Supplied information section start
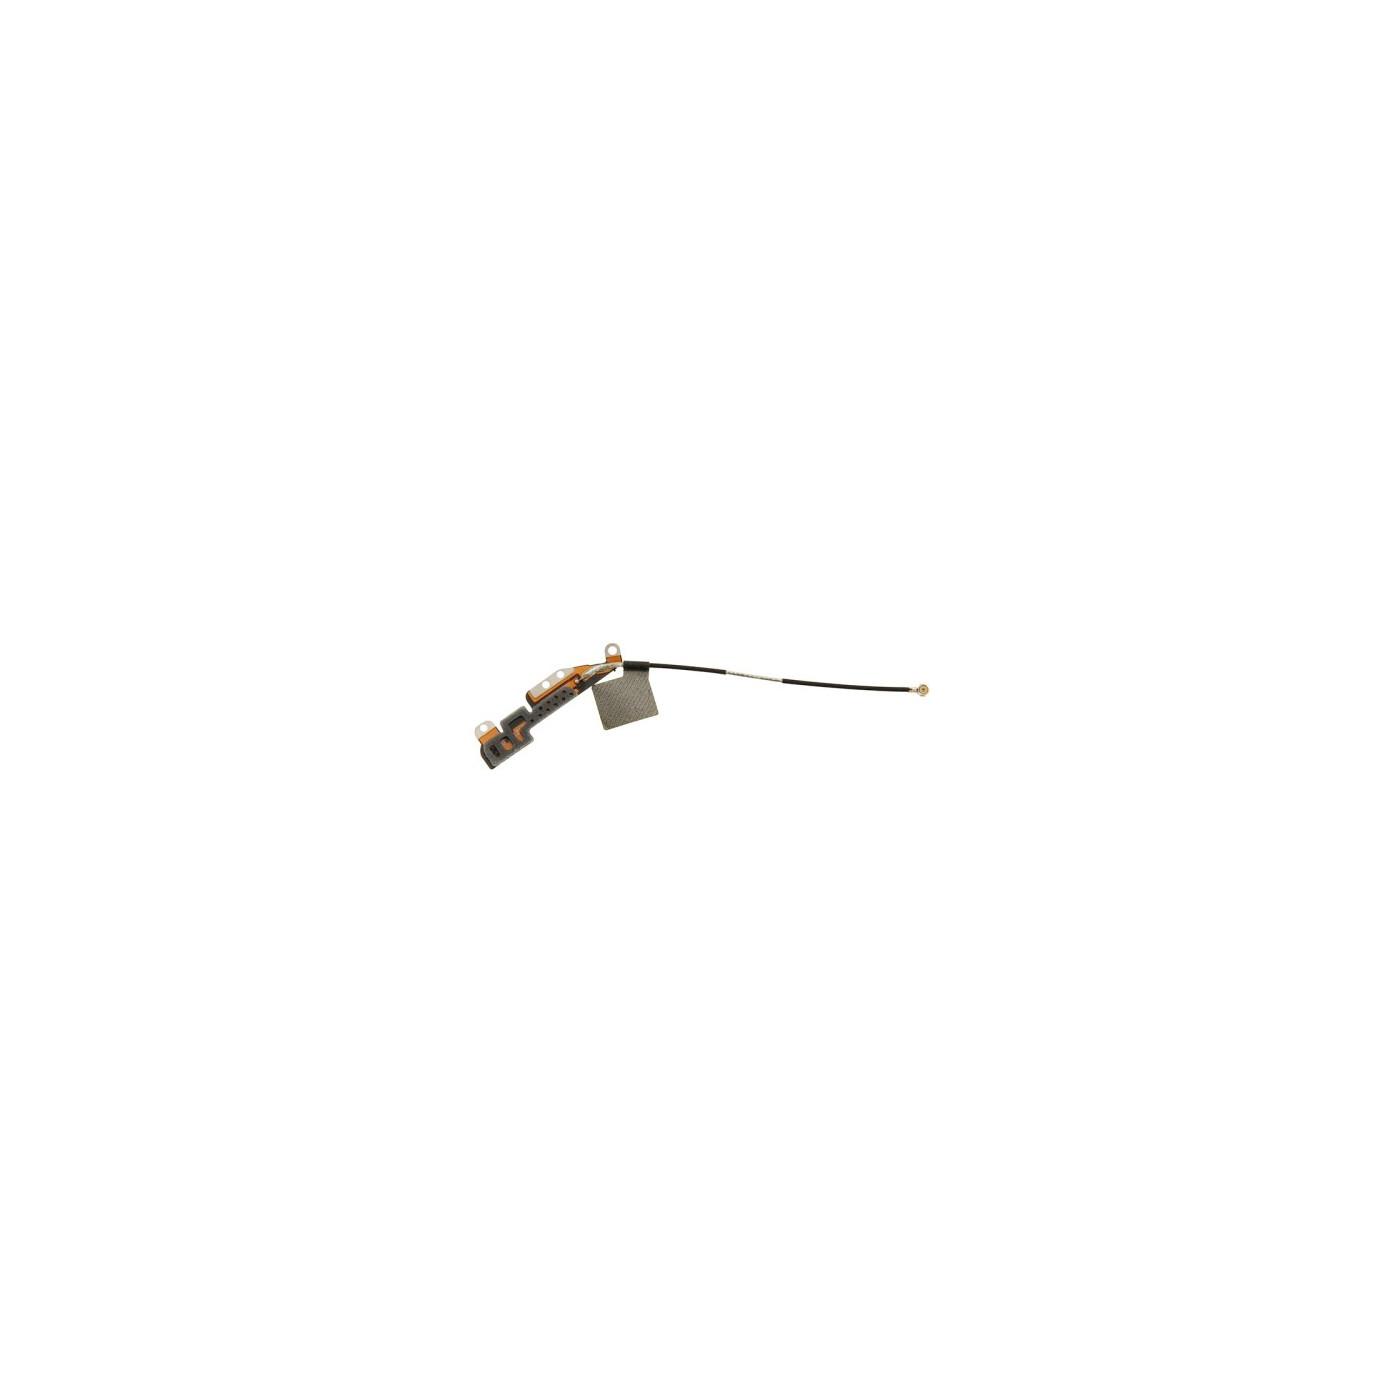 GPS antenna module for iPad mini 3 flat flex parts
Supplied information section end
Supplied information section start
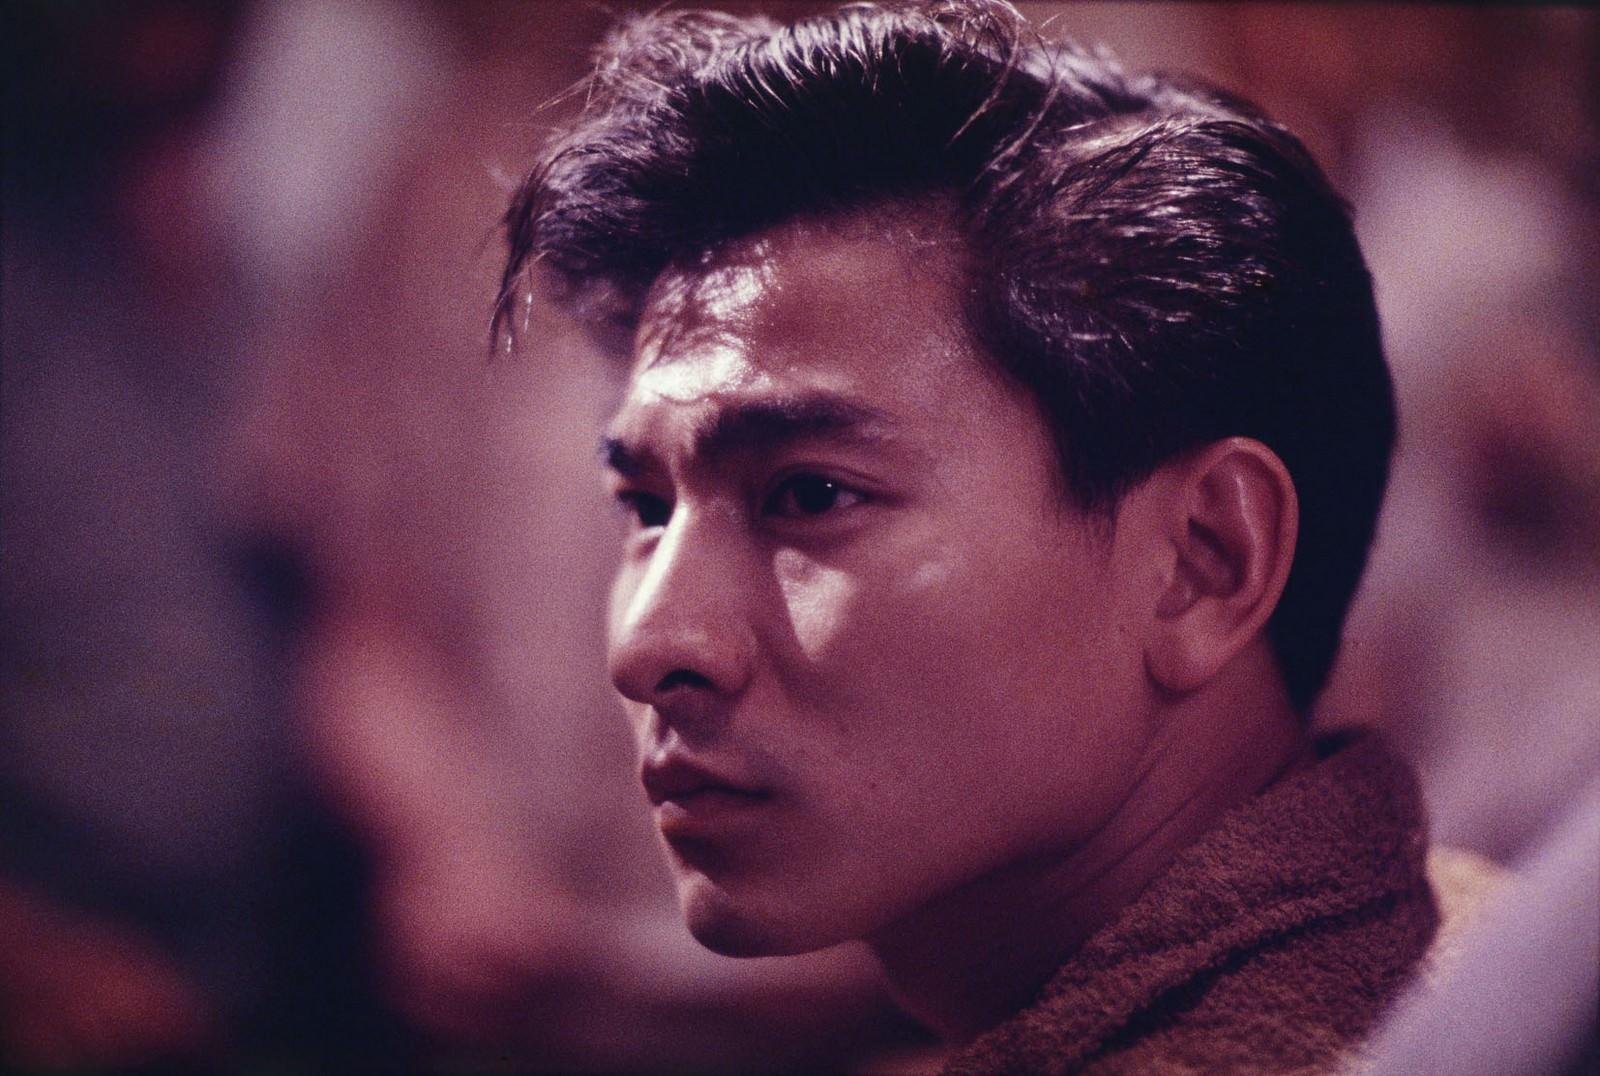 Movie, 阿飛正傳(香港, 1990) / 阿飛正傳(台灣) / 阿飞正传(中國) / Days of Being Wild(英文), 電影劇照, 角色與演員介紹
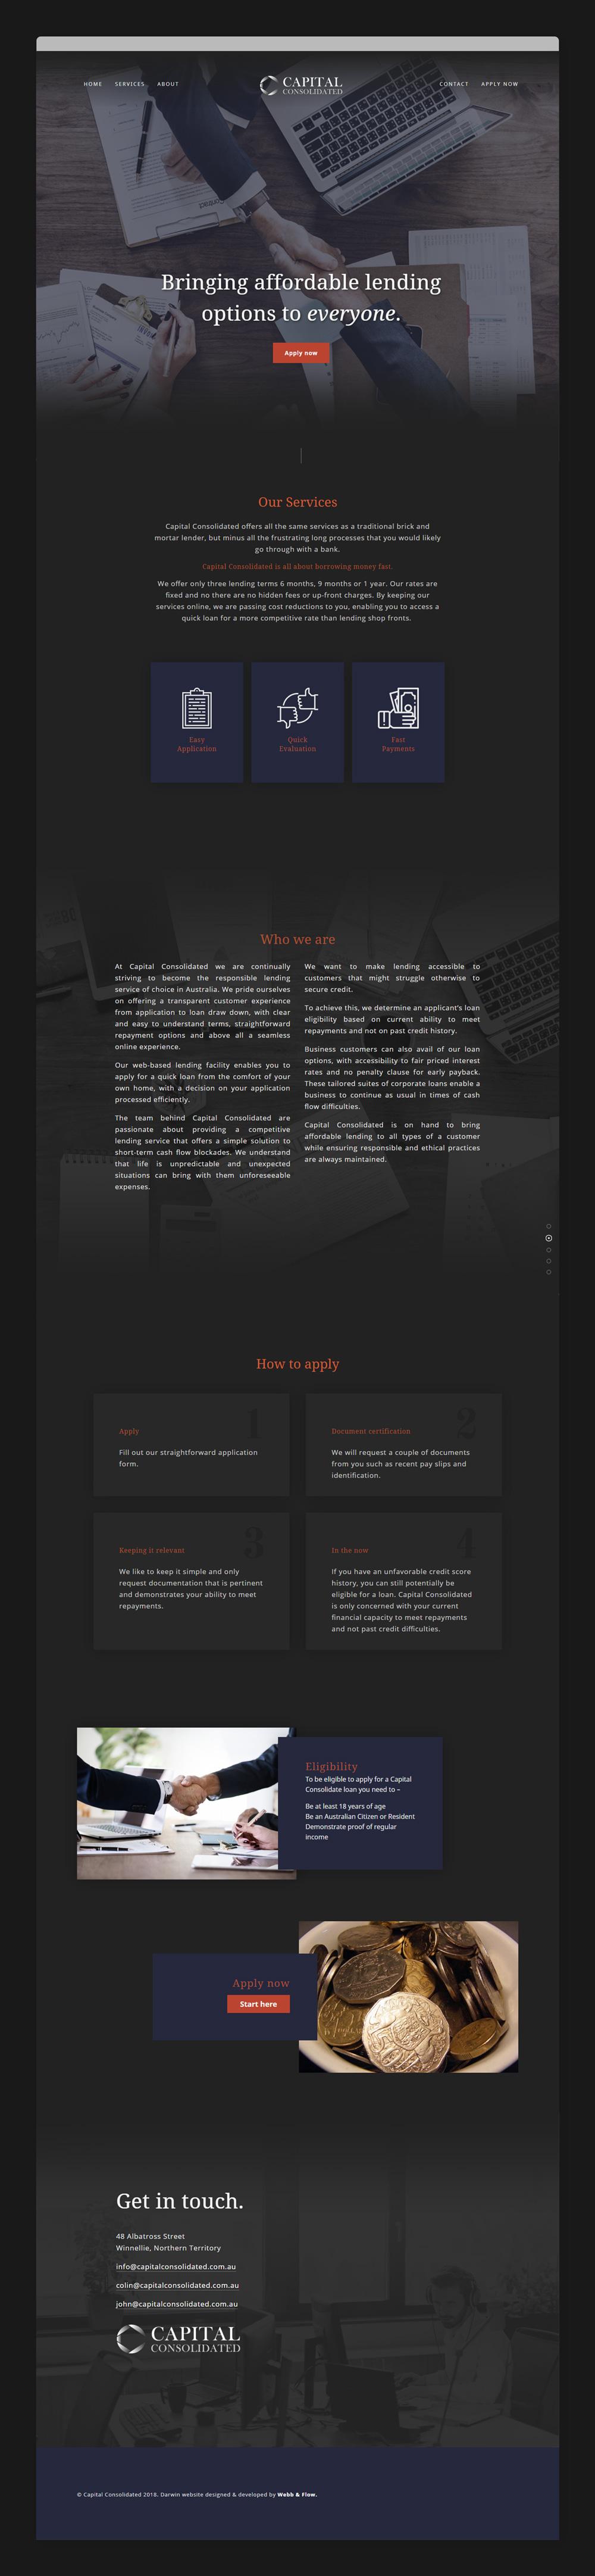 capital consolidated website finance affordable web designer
Supplied information section end
● **Exercise details**: Above are the records; copy exactly the lines from the one with "Movie, 阿飛正傳(香港, 1990)" through the one with "capital consolidated website", including both, and nothing more. Leave out pictures.

● **Answer to this task**:
 Movie, 阿飛正傳(香港, 1990) / 阿飛正傳(台灣) / 阿飞正传(中國) / Days of Being Wild(英文), 電影劇照, 角色與演員介紹
 capital consolidated website finance affordable web designer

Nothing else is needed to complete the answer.